Why are we seeing this?
It's likely the array of global couriers charging against a breadth of varying parameters (weight, size, volume, distance, inflation etc.) makes for a pretty turbulent equation. It's far too dicey for a shop owner to want to grapple with manually so is typically left for the e-commerce platform to handle via fixed templates that usually reserve the shipping calculation until the end.
What's the fix?
Again, it's bizarre that with the wealth of accumulated data that browser cookies and social/selling platforms hold, a shopper's precise location isn't available to the shop throughout the journey. If the delivery charge can't be an unconditional flat rate, the optimum solution - only adding a touch of dolphin-hindering friction - would be to present a drop-down list asking for delivery region at the point of adding the first item to basket, store it to session, then display the relevant, even if approximate, shipping cost on each subsequent product page visited and tally it in the basket along with the itemised total.
Obviously this isn't an out-of-the-box solution but it does help alleviate an out-of-the-box problem.
BONUS: 4. Pop-ups offering a discount upon newsletter subscription (or similar action).

There is absolutely nothing wrong with this type of incentive. It's terrific in fact; the store gets a chance to remarket to the user at some point in the future and the user is incentivised to make their first purchase at a cheaper rate.
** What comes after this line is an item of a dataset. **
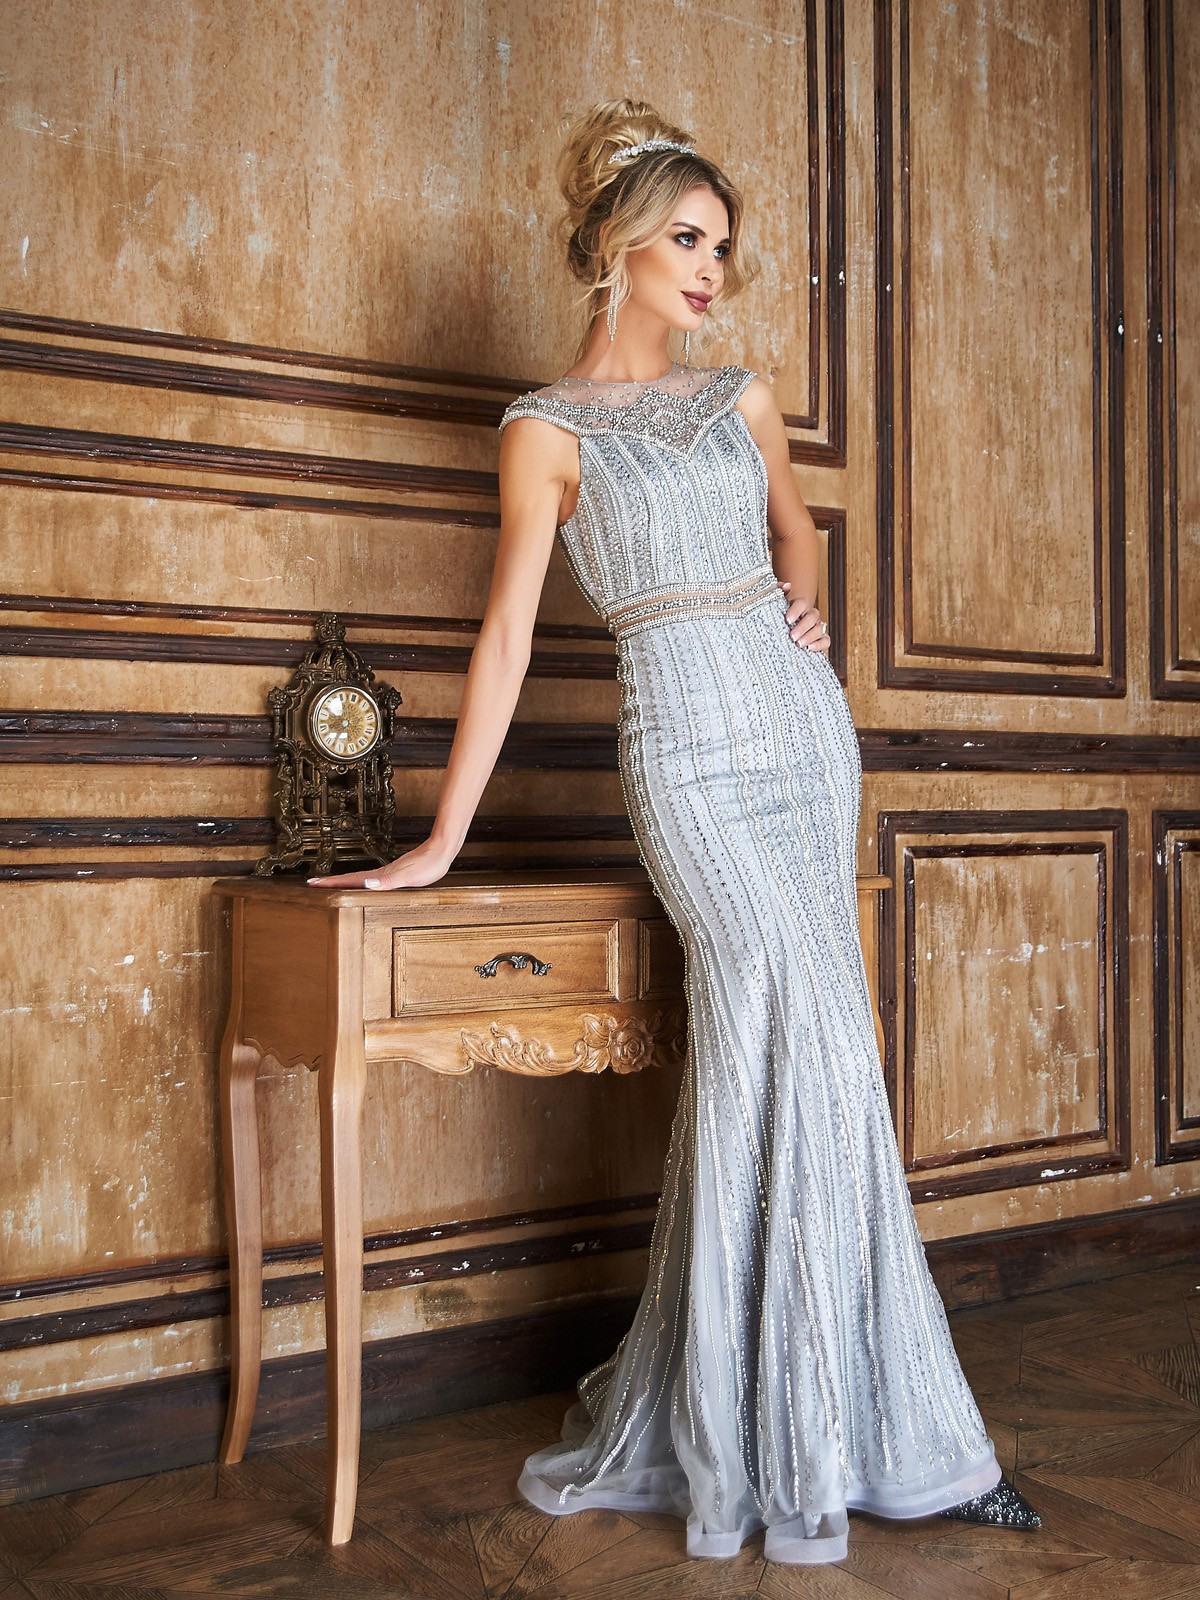 17 Einzigartig Abend Kleid Mieten Stylish Großartig Abend Kleid Mieten Vertrieb
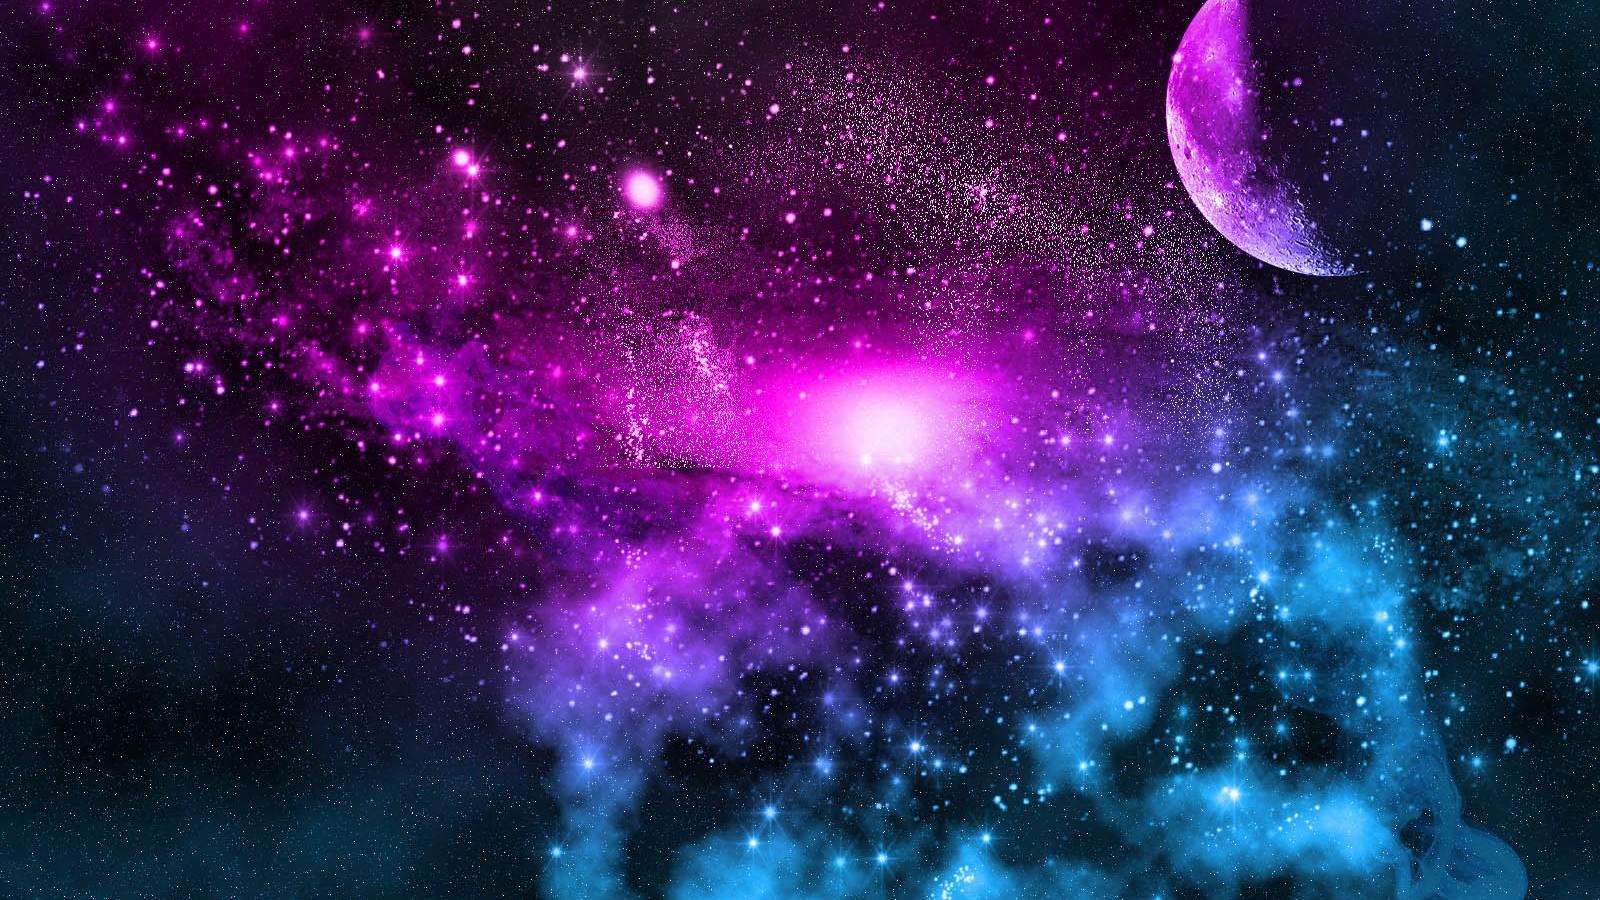 Galaxy Desktop Wallpaper 36841 Baltana

Indeed, the user may even use a burner email or immediately unsubscribe - the ball is in their court. However, the issue comes from the recurrent mechanic of throwing the offer in my face literally seconds after I arrive on your website.
Get 10% off what? What do you sell? I can't see - your pop up is in the way, and I've never been here before. But I'm afraid to dismiss it because I like discounts and what if I can't find it again?
Why are we seeing this?
Incentivising a user to buy via any means available is certainly to be exploited, but a pop-up is so intrusive that it contradicts everything said above in the shipping chapter about mitigating disrupting a smooth conversion flow. Imagine investing time and money into streamlining your site to the hilt for optimum conversion only to bolt a blackout screen to the very first page.
Most E-commerce platforms will likely have a simple checkbox toggle for "popup". That's it. Who could resist the call to flick that on and blitz a key message to every site visitor? It's easy, lazy, and poorly integrated.
What's the fix?
The fix for this is so obvious that it pains me to have to outline it. Delay the popup. A few seconds, a few clicks, a few pages, I don't care. Let users browse a little before bombarding them with irritation.
And if you really want to push the boat out, consider more sympathetic methods to bringing these discounts to the fore. Design your popup so that it creeps in subtly from an edge, sized to not obstruct use of the website. Have it embedded as part of the page content so that users are free to scroll past (and return to) it of their own accord.
Investing in the development cost to irradiate these three most deflating user experiences from your pre-fab e-commerce platform is totally justifiable, even if your attention is on getting ahead in the capitalism stakes. Fine tuning the very atoms of your shop to shave off milliseconds in load time is all well and good to get your site ranked higher than your competitors, but all the JavaScript link mimicry and lazily-loaded images are fruitless if you fail to convert the leads that stop by, by ensuring they never stop by again.